Assumptions (explicit):
- You install via npm (`npm i -g docdex` or `npx docdex --version`) on Node.js >= 18.
- “Expected version” is the npm package version (or `DOCDEX_VERSION` if set).
- The installer uses the published release manifest/checksums contracts when it needs to fetch an archive; see `docs/contracts/release_manifest_schema_v1.md`.
## Deterministic installer outcomes
The installer converges to a single final state: the installed `docdexd` under `dist/<platformKey>/` matches the expected version for this npm package install.

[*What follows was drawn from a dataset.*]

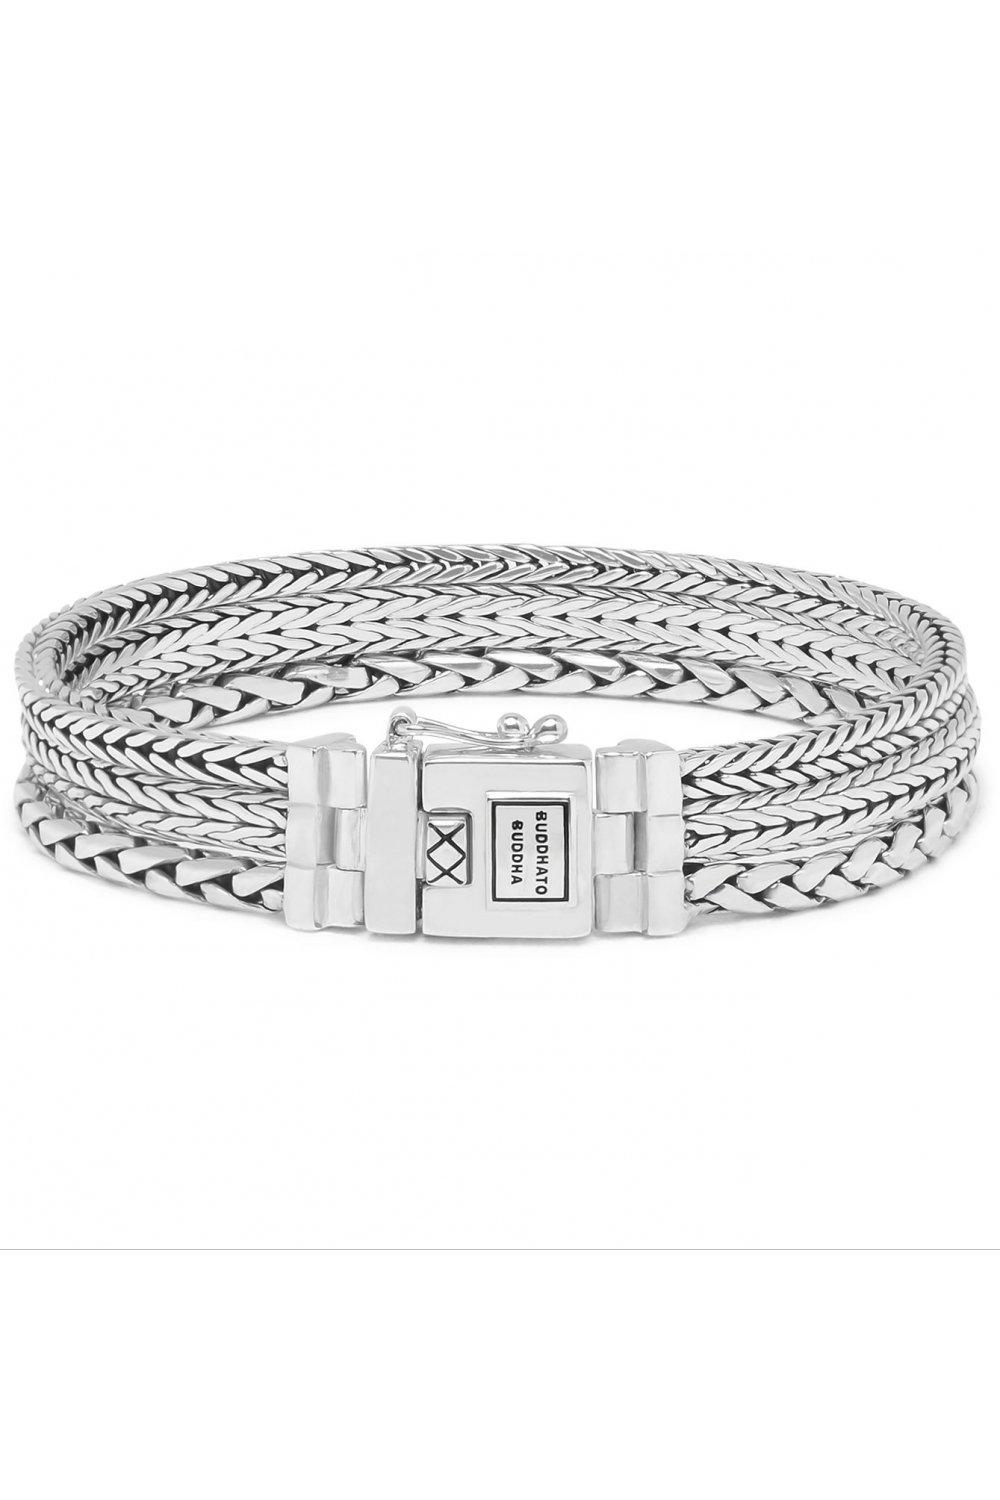 ellen sterling silver fashion bracelet - 001k011040106

Outcomes (stable strings):
| Outcome | Meaning | Deterministic trigger (local state) |
|---|---|---|
| `no-op` | Nothing changes. | A previous verified install metadata file exists and its recorded `binary.sha256` matches the currently installed binary for the expected version. |
| `update` | Install/reinstall the expected version. (Includes first install, upgrade, downgrade.) | No binary exists, or install metadata indicates a different version than expected. |
| `repair` | Reinstall the expected version due to a local integrity mismatch. | Metadata exists for the expected version, but the current binary’s SHA-256 does not match the recorded `binary.sha256`. |
| `reinstall_unknown` | Reinstall because current state can’t be verified deterministically. | Binary exists but install metadata is missing/unreadable/invalid, or metadata does not match the detected `platformKey`. |
The installer logs the outcome as a single line:
- `[docdex] Install outcome: <outcome>`
## Upgrade vs downgrade
The installer does not treat “upgrade” and “downgrade” differently. It always targets the expected version for the current npm package install:
- If the installed version differs, the installer replaces `dist/<platformKey>/` so the final state equals the expected version.

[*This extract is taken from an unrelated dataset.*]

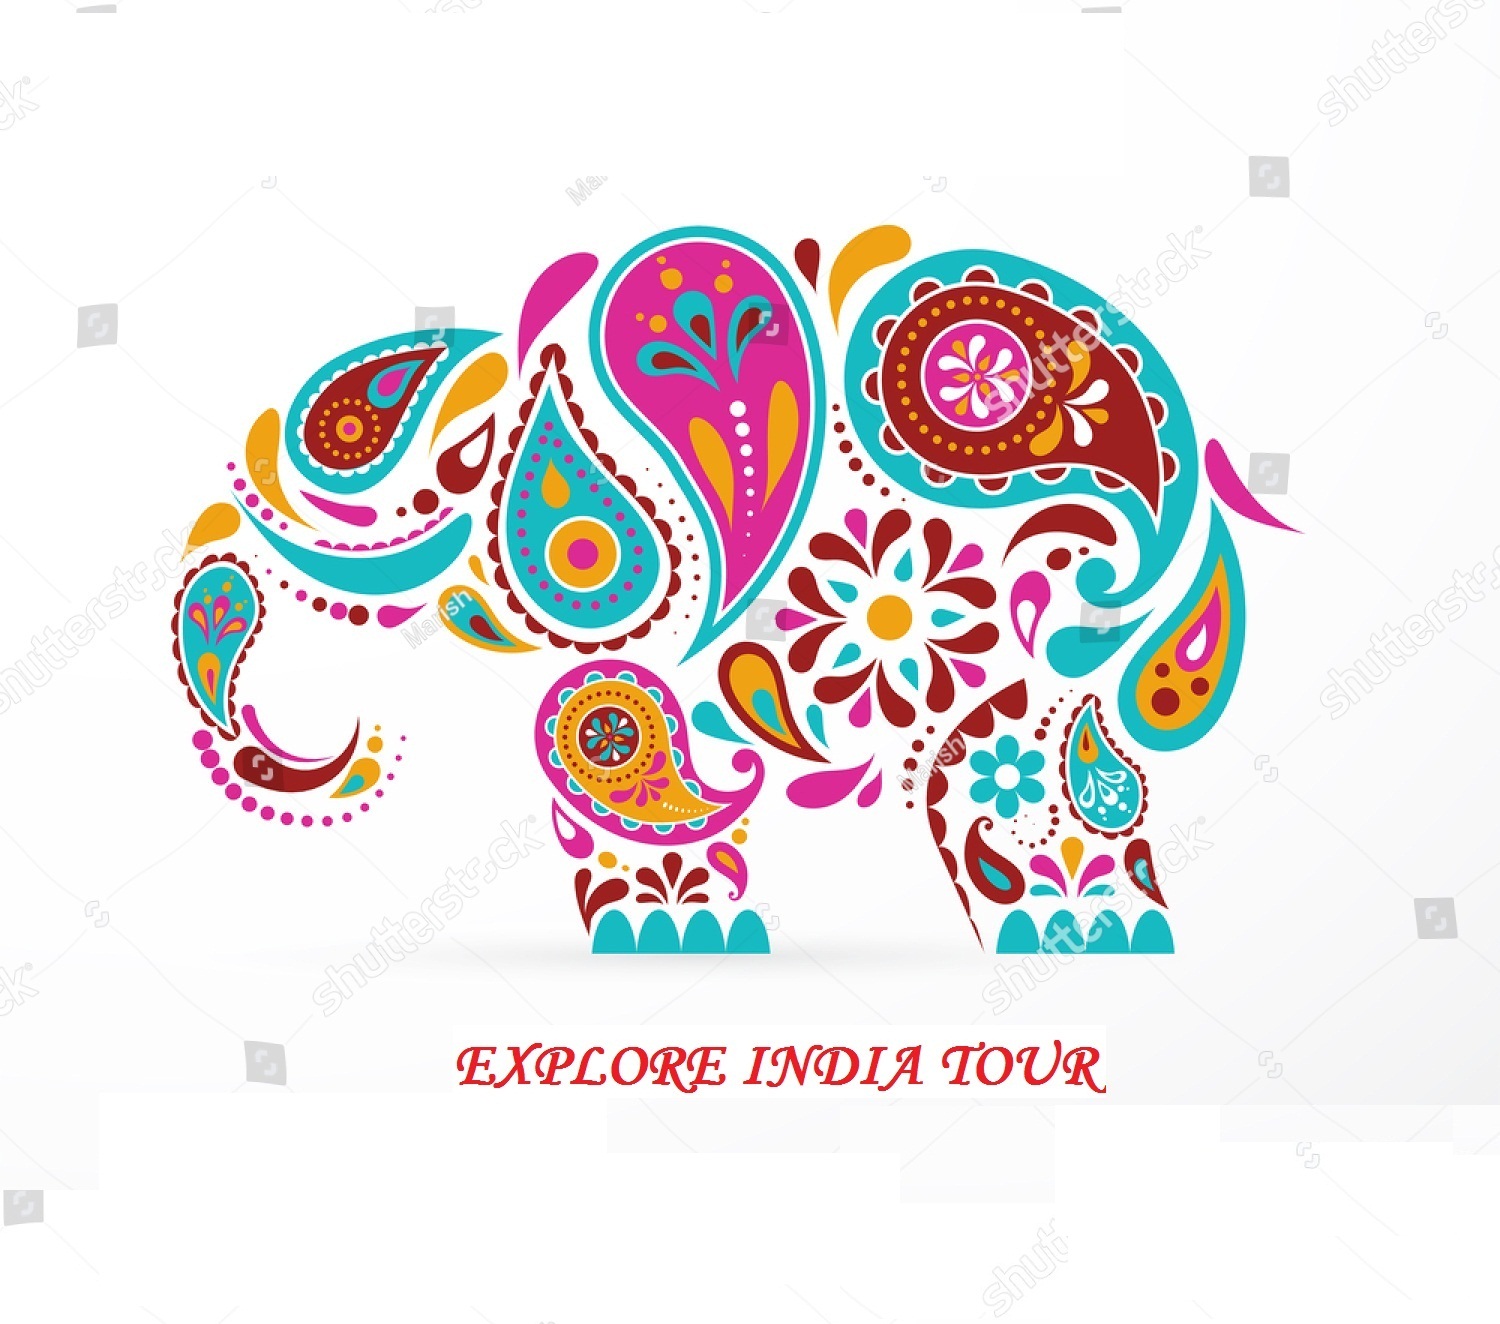 Explore India Tour

- If the expected version is already installed and verified, the installer is a `no-op`.
This makes repeated installs idempotent: running the installer multiple times converges to the same installed binary and the same metadata for a given version/platform.

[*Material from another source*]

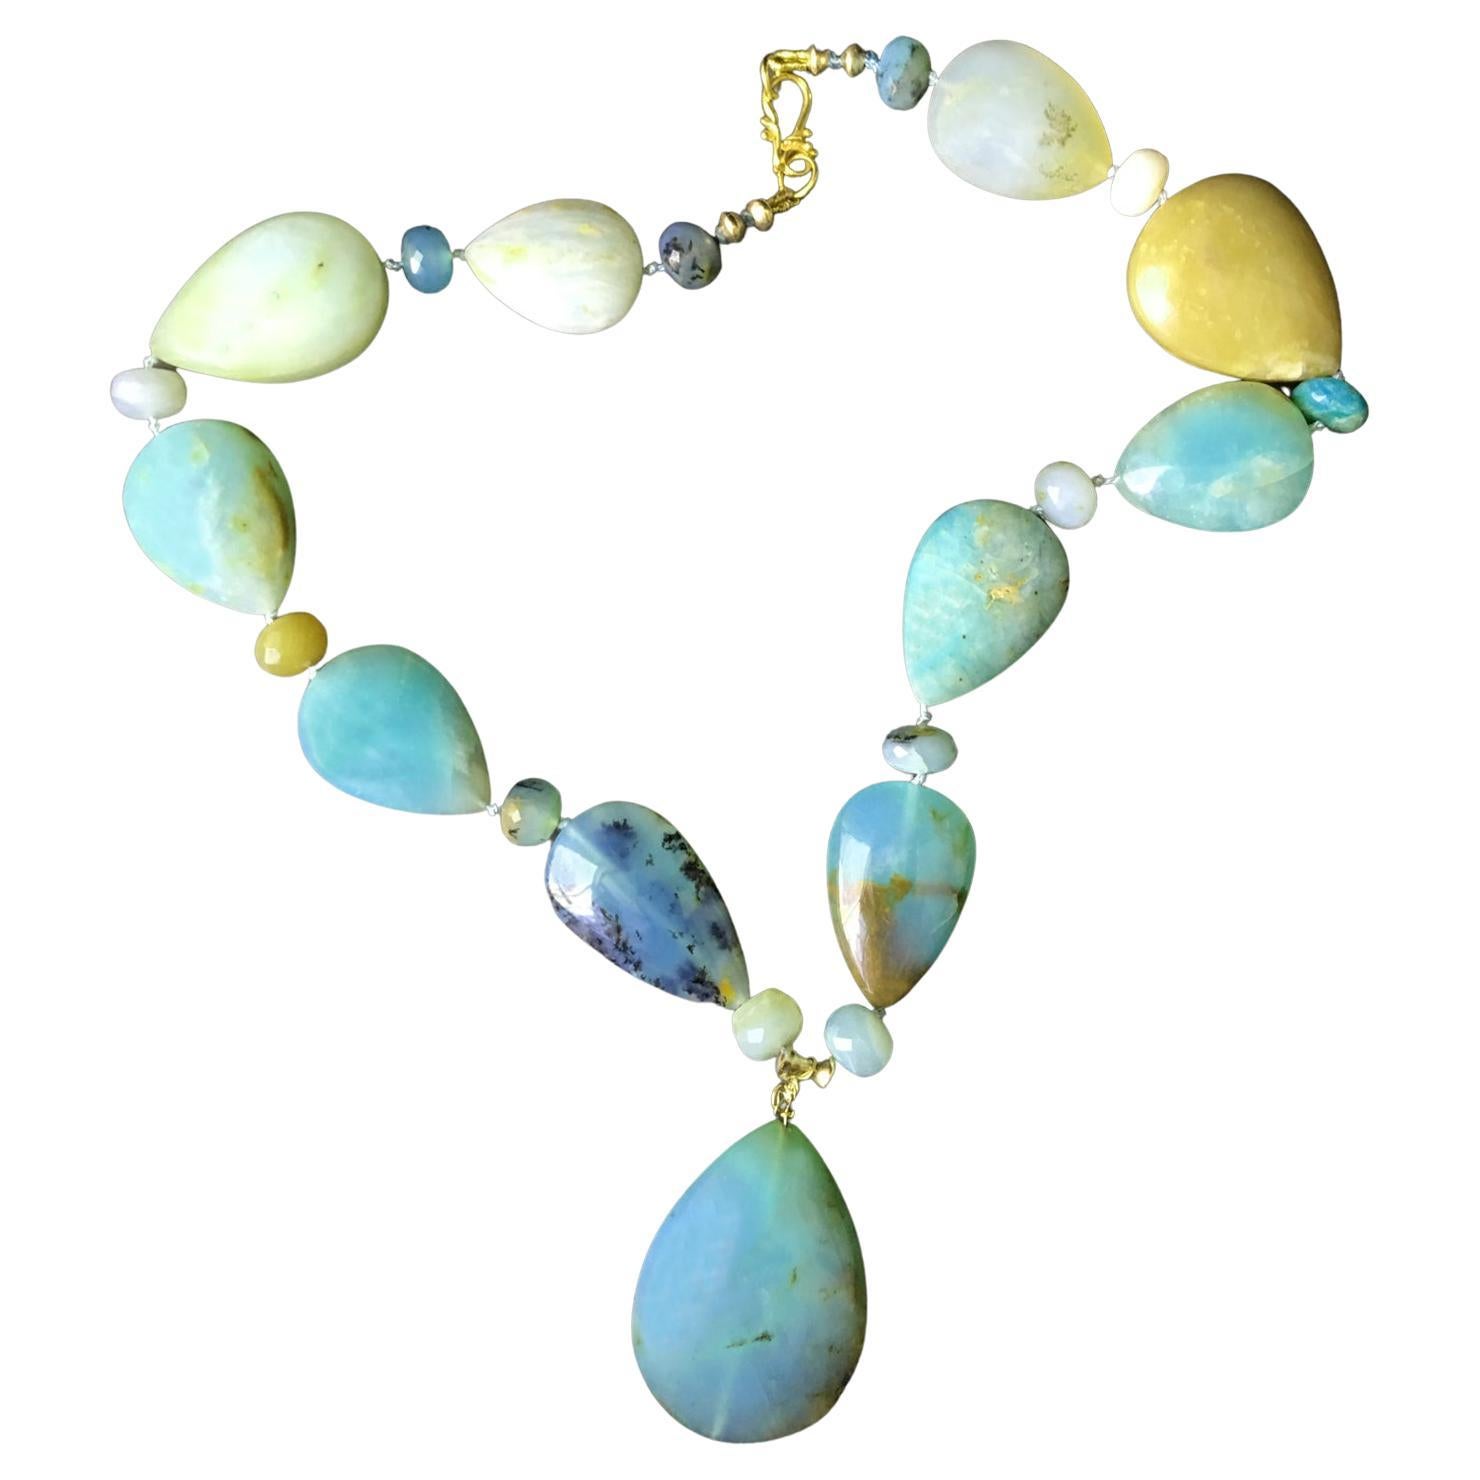 Mixed Cut Rare Blue Green Peruvian Opals Teardrop Collar Necklace 18KT, 14KT Gold  For Sale

## Integrity verification and repair behavior
There are two relevant integrity checks:
1) **Remote archive integrity (when installing)**
When the installer needs to install (`update`, `repair`, `reinstall_unknown`), it resolves a single release asset and (when available) a SHA-256 for that asset via:
- Release manifest (preferred), then
- `SHA256SUMS`/`SHA256SUMS.txt`, then
- legacy `<archive>.sha256` sidecar.
The downloaded archive is verified against the expected SHA-256. If verification fails, installation fails closed with:
- Error code: `DOCDEX_INTEGRITY_MISMATCH` (see `docs/ops/installer_error_codes.md`)
- Safety property: the existing `dist/<platformKey>/` is only removed after the archive is successfully fetched and verified.
2) **Local binary integrity (no-op vs repair)**
For a `no-op`, the installer verifies the existing binary by hashing it and comparing to the recorded `binary.sha256` from the last successful, verified install.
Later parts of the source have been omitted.